I'm making an upload application and I have a script that once the images are uploaded they are resized but the original dimensions are stored to be used later on. the index.php should should show the images on the screen.
I've stored the image path instead of a blob on the database and using the 'path' variable to show it on the browser.
The search works but the images are not displaying and I can't find the reason why.
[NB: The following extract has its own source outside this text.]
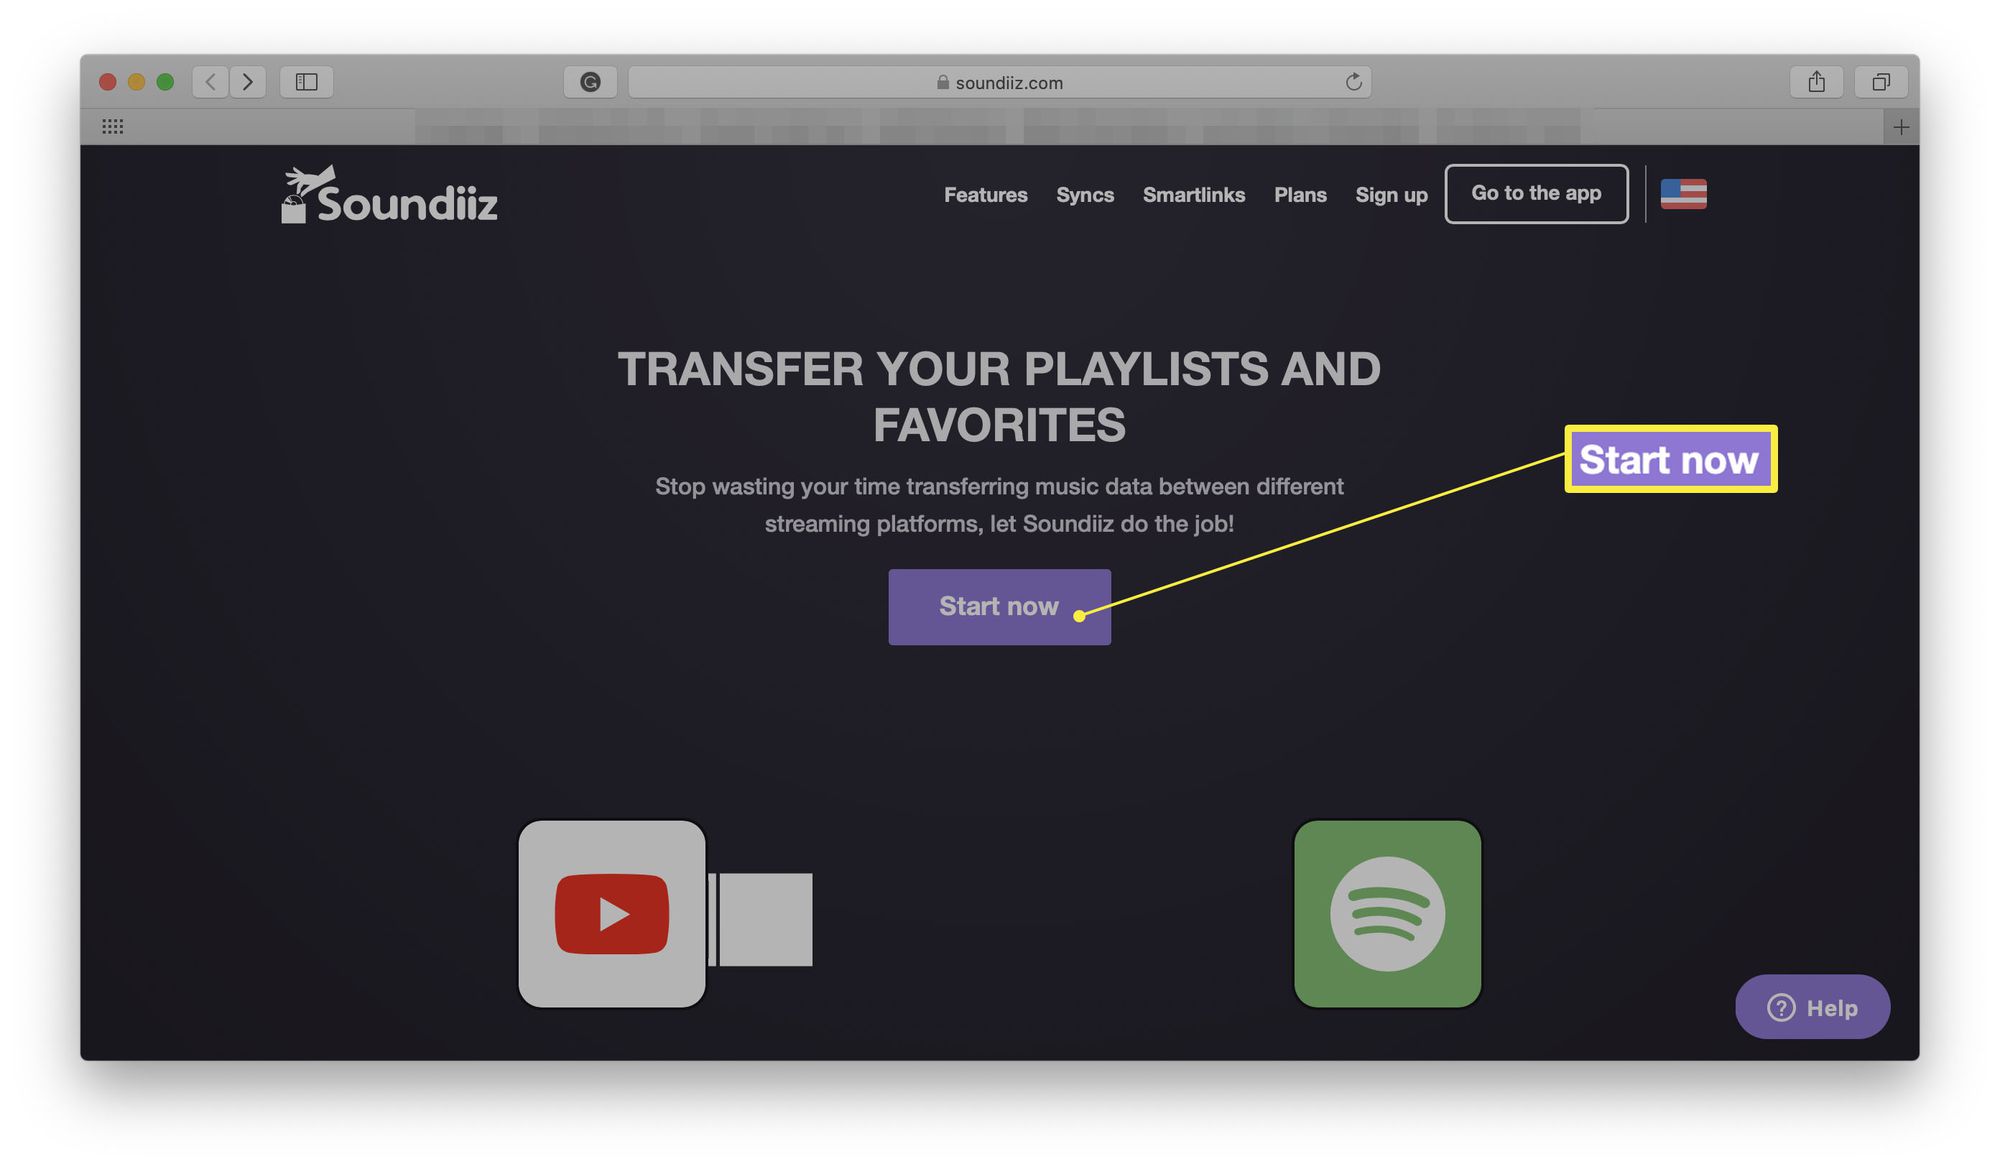 Soundiiz-verkkosivusto, jossa Launch Now on korostettuna

Im new to php/mysql so any help is appreciated on why my images are not showing up.
upload.php
<?php
require_once 'includes/config.inc.php';
require_once 'includes/functions.php';
// Add the heading to output
$output = '<h1>Gallery</h1>';
// Echo the gathered output
echo $output;
// Include the HTML header
include_once 'includes/head.html';
// Check if the form has been submitted...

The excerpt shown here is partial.